Bulk Deleting Outbound SMTP Queues in MS Exchange

Management

A client is constantly getting hit with email attacks, and one such attack flooded the Exchange box with a couple hundred bogus NDRs which were trying to be delivered.

Removing these queues by hand is a royal pain, so I recalled a simple little kludge that would get all the bad mail into one queue so it could be deleted in one fell swoop instead of having to right click on every queue and choose “Delete all messages (No NDR)”

The steps are laid out pretty explicitly in a KB article from Microsoft, so I won’t go into great detail here. I’ll just give you the overview.

All of the following steps are done using the Exchange System Manager.
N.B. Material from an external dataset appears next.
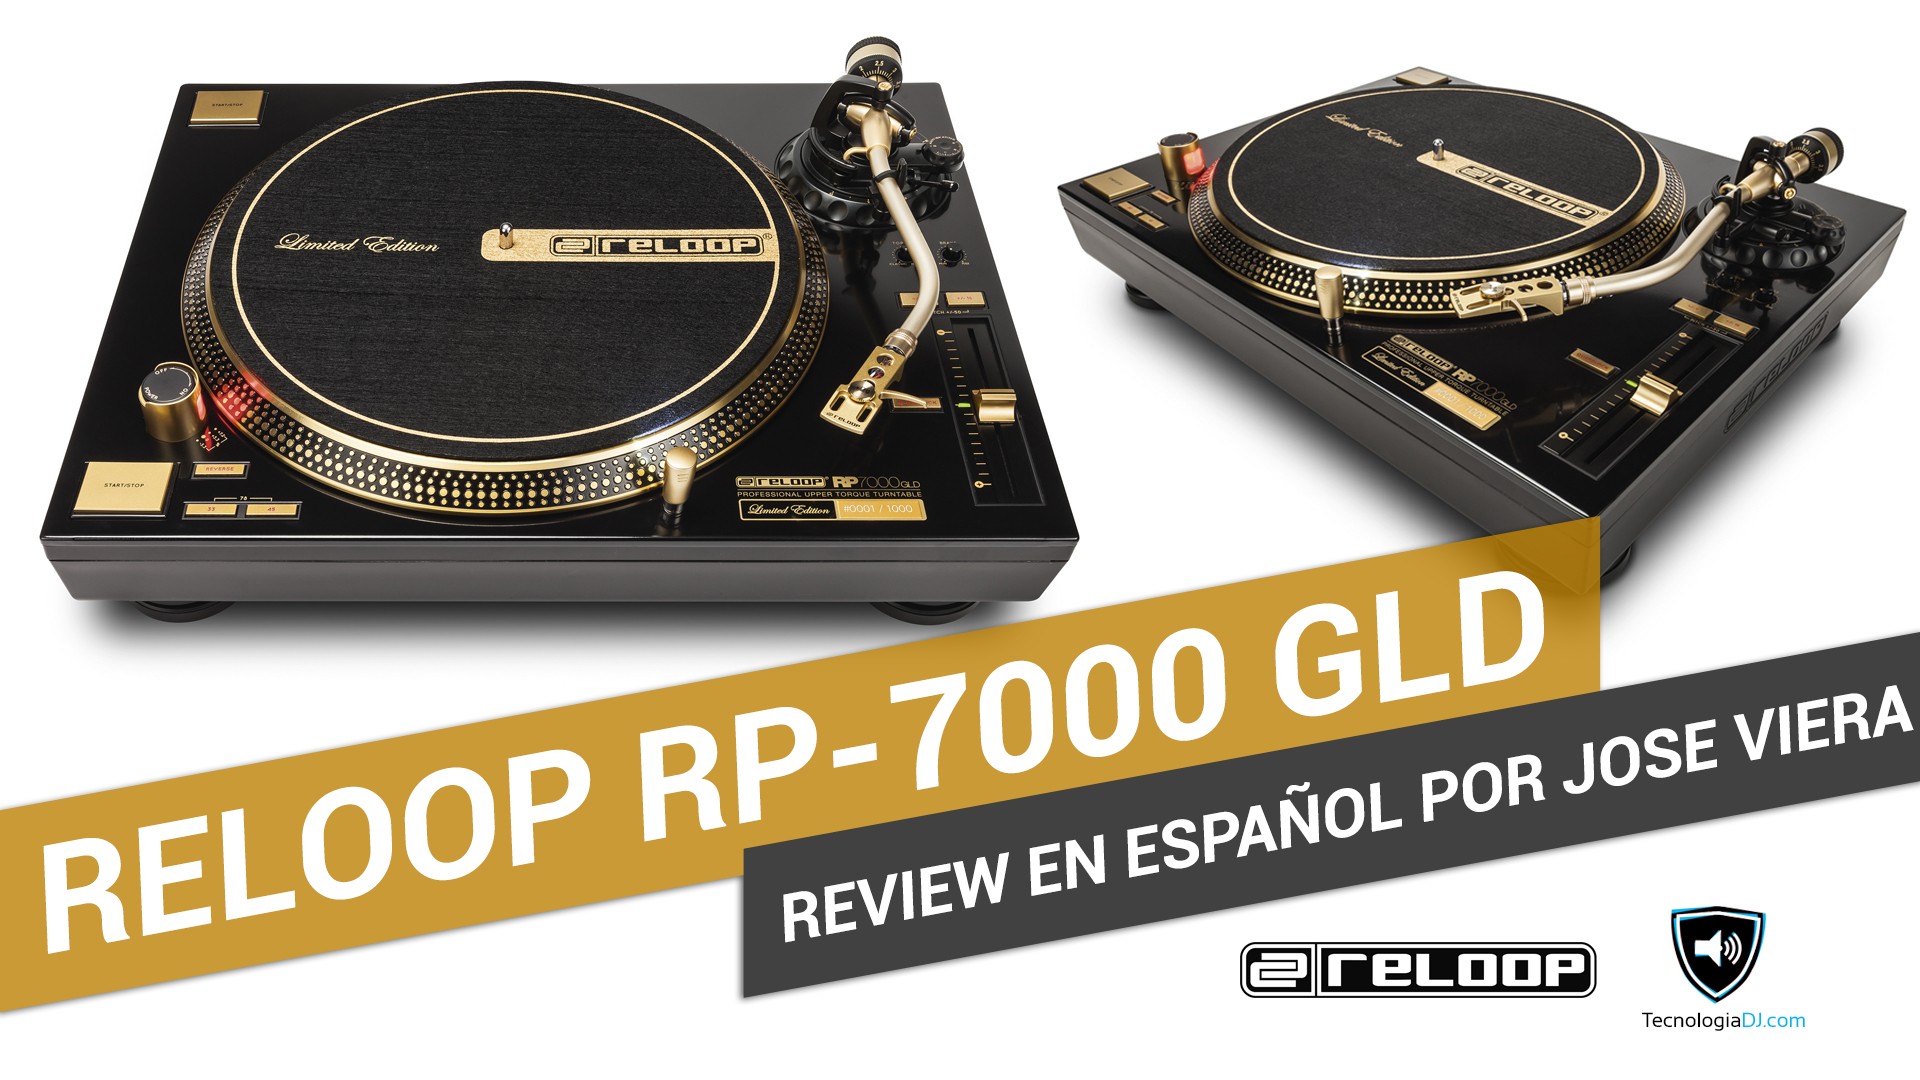 Review en español giradiscos Reloop RP-7000 GLD

I did this using Exchange 2000, it should work for Exchange 2003. I haven’t played with 2007 at all — three servers?!? — so I have no clue if this is still how it works.

First, you need to make sure all your good mail is out of the queue, so I tend to do this at 3 AM when I know that it’s been a few hours since anyone has tried to send any out-of-office mail and anything I’m going to find in the queue is crap. YMMV.
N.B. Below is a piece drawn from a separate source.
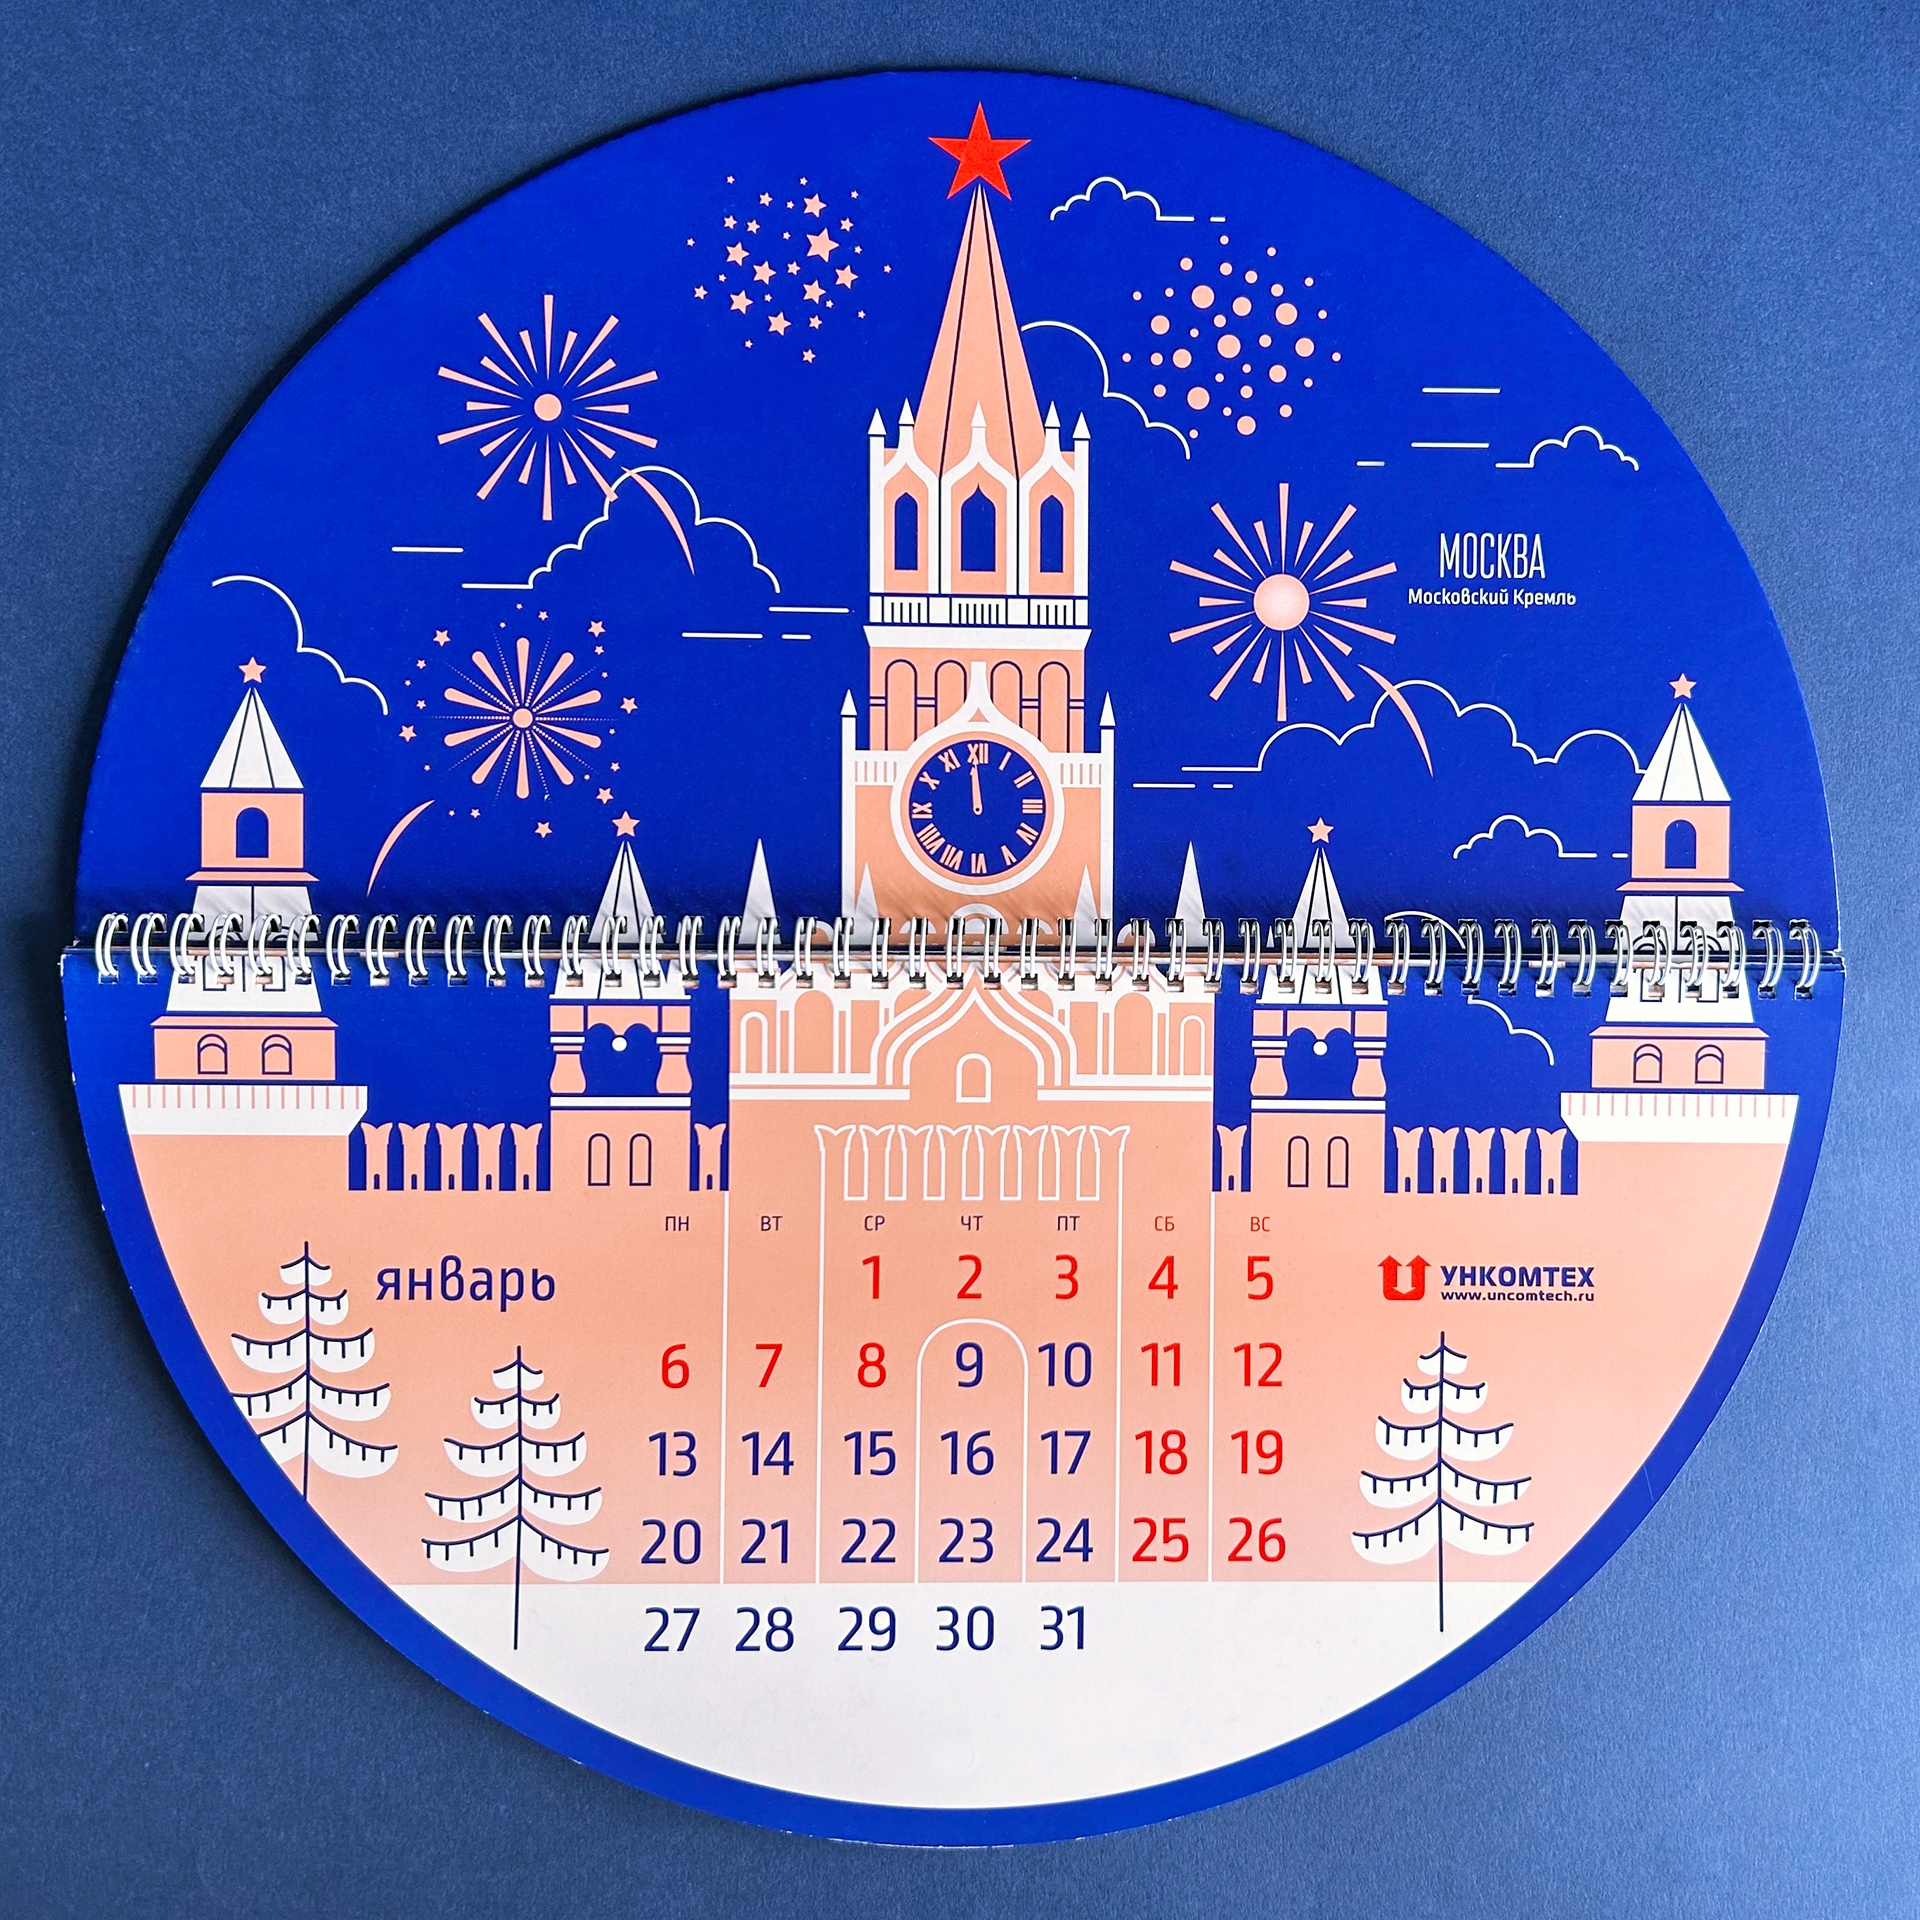 Ункомтех - Календарь на 2021 год

Next, stop the SMTP Virtual Server for the site.

Create a new SMTP Connector which is going to take all of the junk mail. Make sure the “Address Space” properties are set that SMTP is accepting for * (all domains) at a cost of 1.
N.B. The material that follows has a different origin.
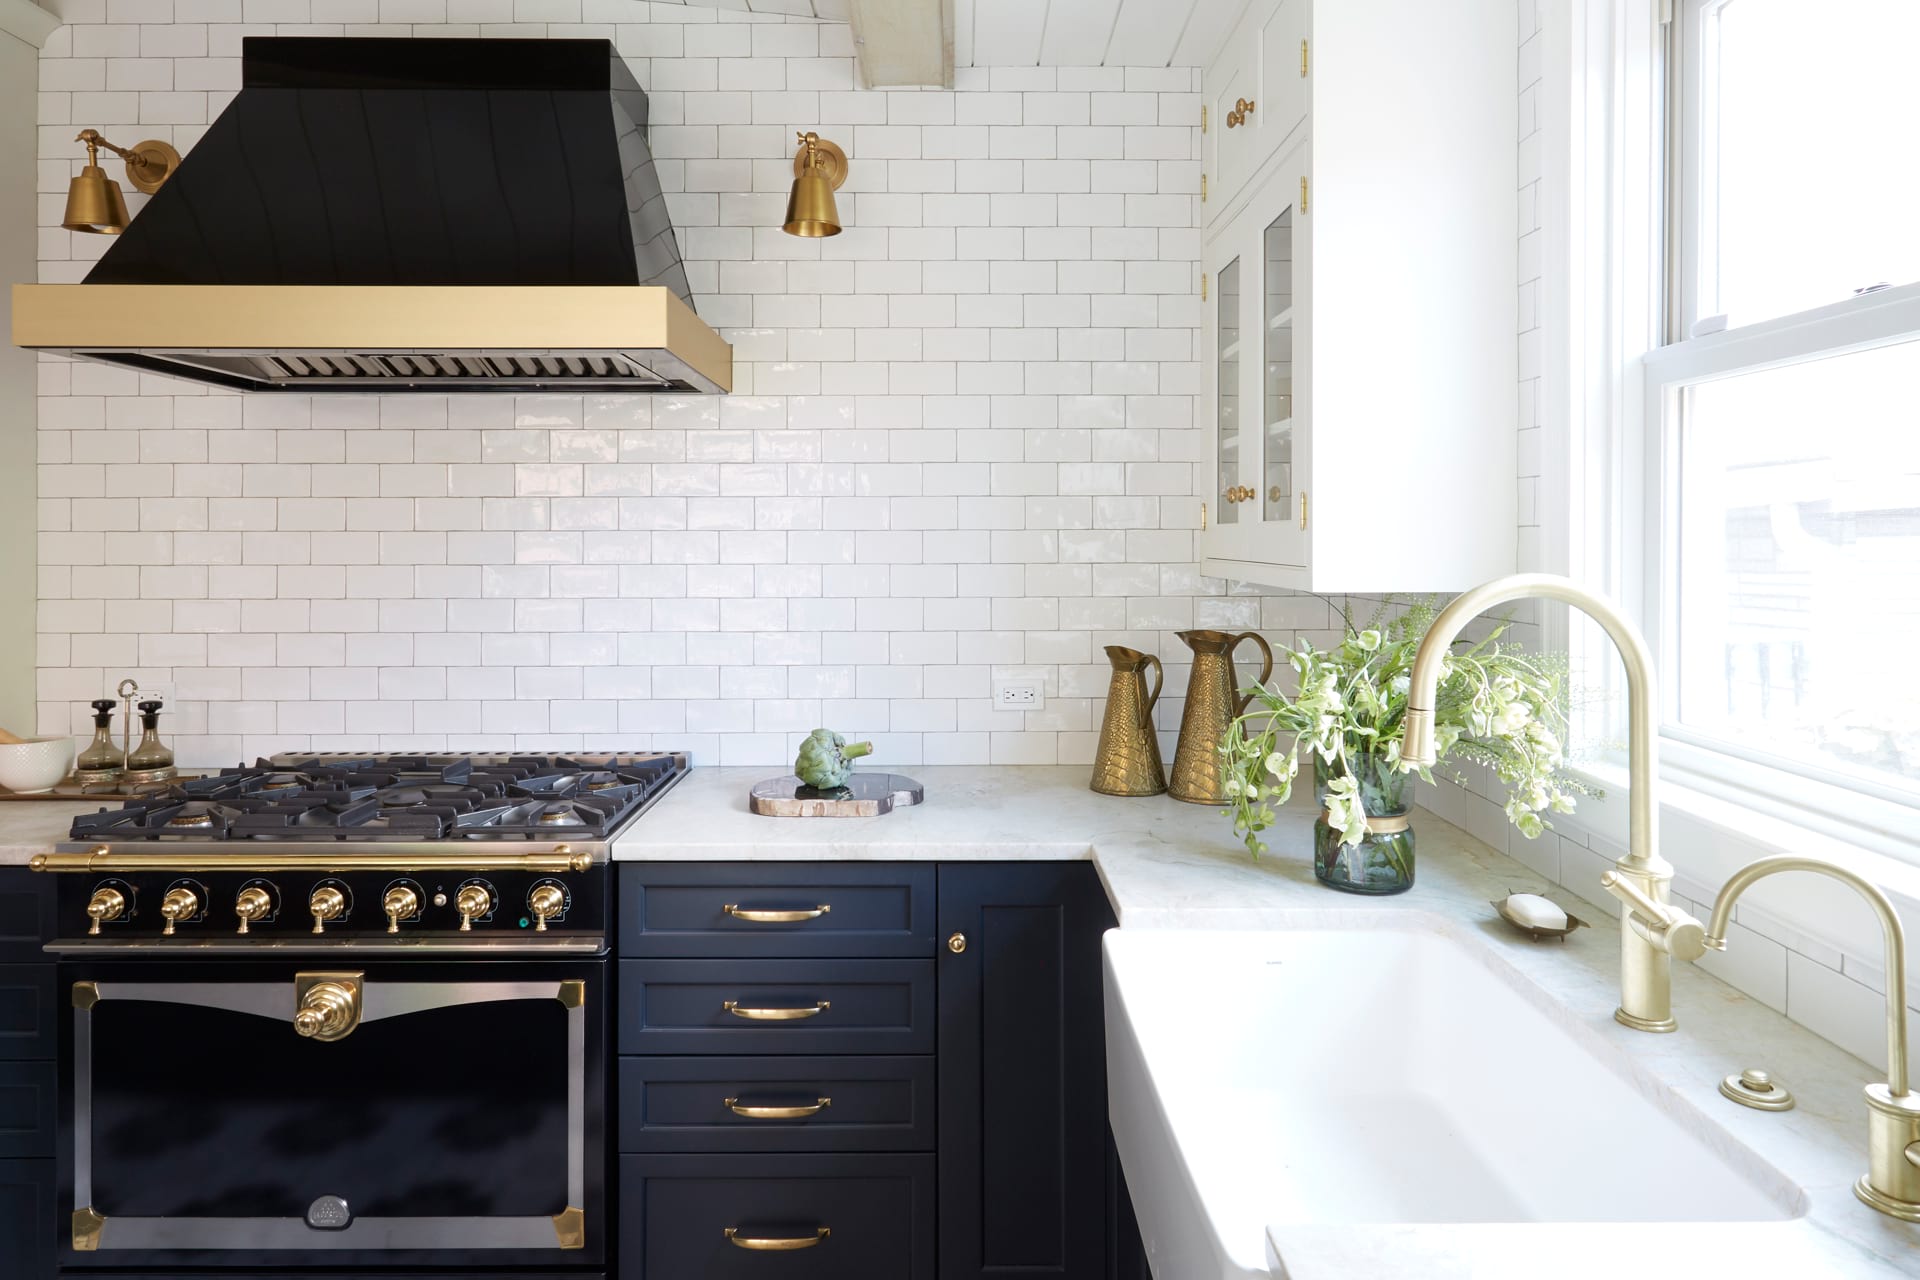 Beautiful kitchen design with white subway tiles on walls

Restart the SMTP Virtual Server.

All of the mail should now go into this new queue you created. Right click the queue, choose “Delete all messages (No NDR)”

Refresh the queue list a few times to make sure all messages are gone.

Stop the SMTP Virtual Server.

Delete the SMTP Connector you just made.

Restart the SMTP Virtual Server.

Mail should start flowing as usual.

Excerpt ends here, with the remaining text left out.